SNRIs: Their Pharmacology, Clinical Efficacy, and Tolerability in Comparison With Other Classes of Antidepressants

Stephen M Stahl et al. CNS Spectr.

Abstract

The class of serotonin and norepinephrine reuptake inhibitors (SNRIs) now comprises three medications: venlafaxine, milnacipran, and duloxetine. These drugs block the reuptake of both serotonin (5-HT) and norepinephrine with differing selectivity. Whereas milnacipran blocks 5-HT and norepinephrine reuptake with equal affinity, duloxetine has a 10-fold selectivity for 5-HT and venlafaxine a 30-fold selectivity for 5-HT. All three SNRIs are efficacious in treating a variety of anxiety disorders. There is no evidence for major differences between SNRIs and SSRIs in their efficacy in treating anxiety disorders. In contrast to SSRIs, which are generally ineffective in treating chronic pain, all three SNRIs seem to be helpful in relieving chronic pain associated with and independent of depression.
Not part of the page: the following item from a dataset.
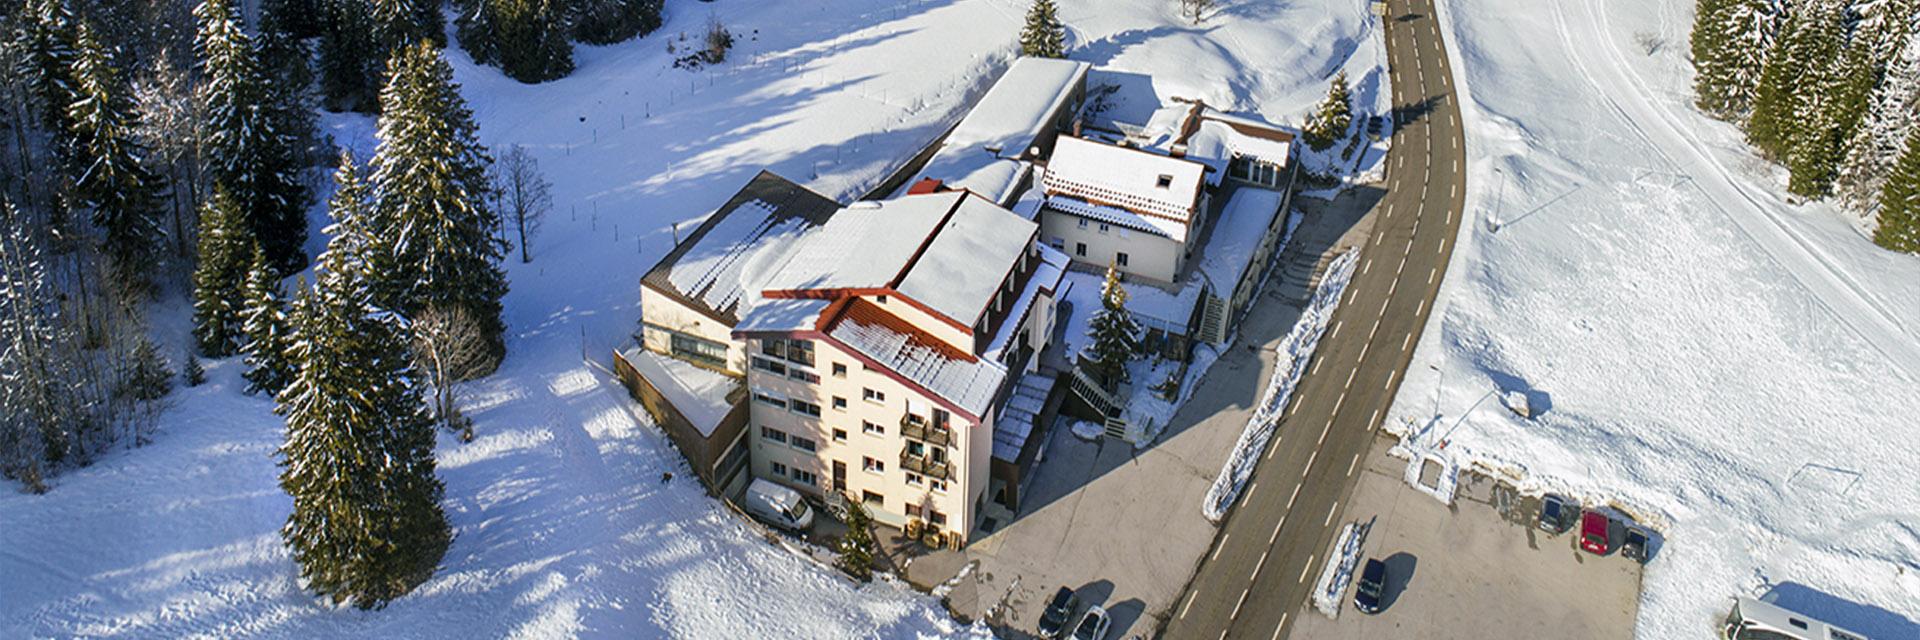 Village_club_vacances_jure-neige-et-plein-air-vue-village-hiver

Tolerability of an SNRI at therapeutic doses varies within the class. Although no direct comparative data are available, venlafaxine seems to be the least well-tolerated, combining serotonergic adverse effects (nausea, sexual dysfunction, withdrawal problems) with a dose-dependent cardiovascular phenomenon, principally hypertension. Duloxetine and milnacipran appear better tolerated and essentially devoid of cardiovascular toxicity.